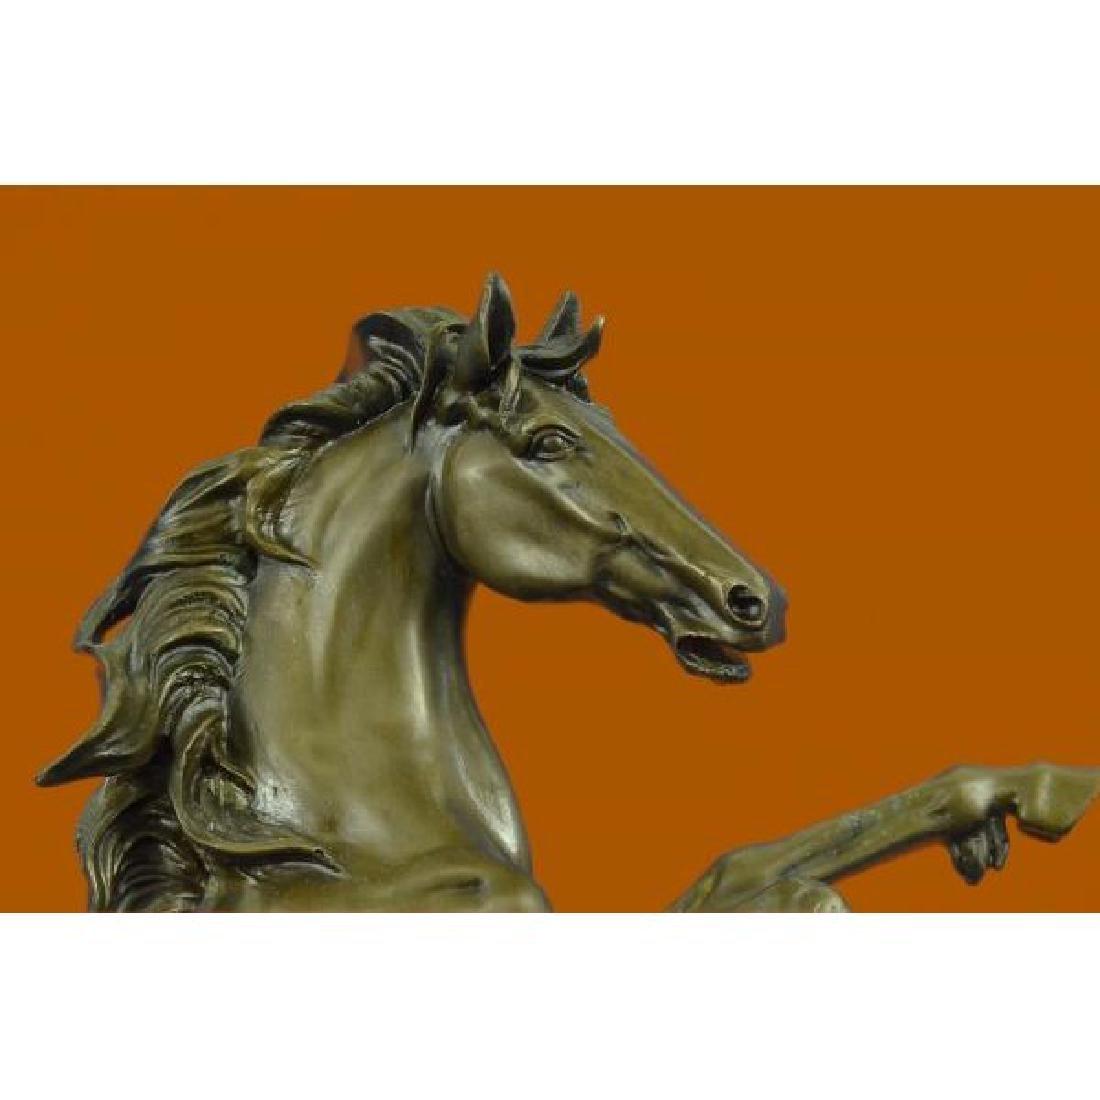 Rearing Wild Stallion Horse Bronze Statue - 5
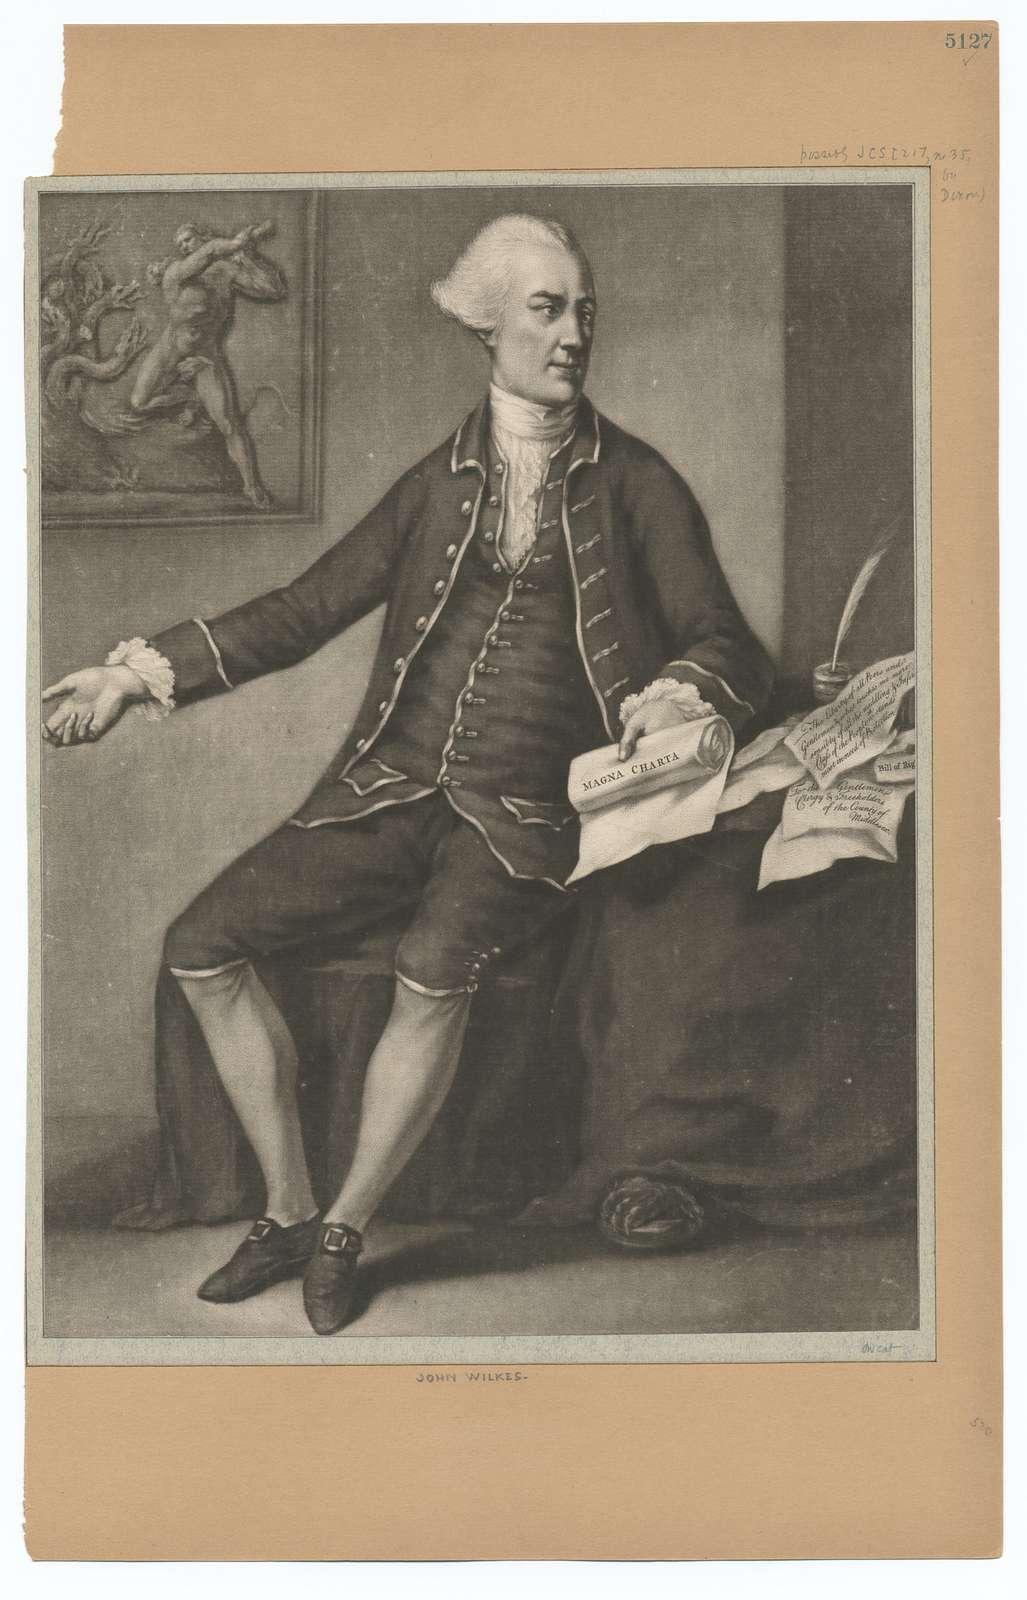 [John Wilkes.]
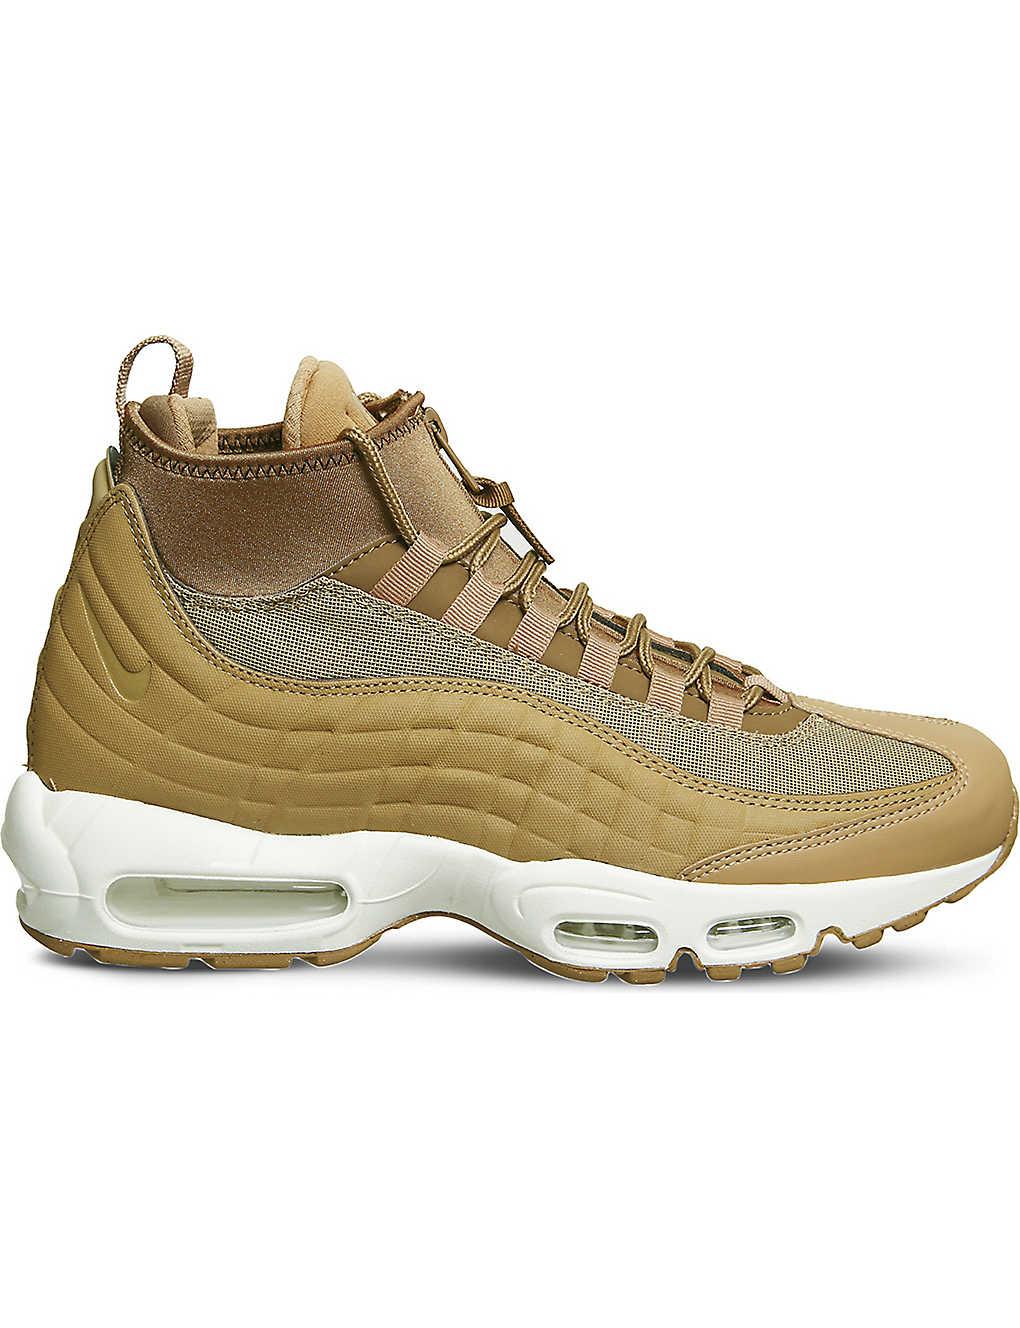 nike air max 95 sneakerboots flax nz
■ ■ ■ ■ ■
TASK TO COMPLETE: Please retype the material in full, exactly as it reads, apart from the images.

RESPONSE BELOW:
 Rearing Wild Stallion Horse Bronze Statue - 5
 [John Wilkes.]
 nike air max 95 sneakerboots flax nz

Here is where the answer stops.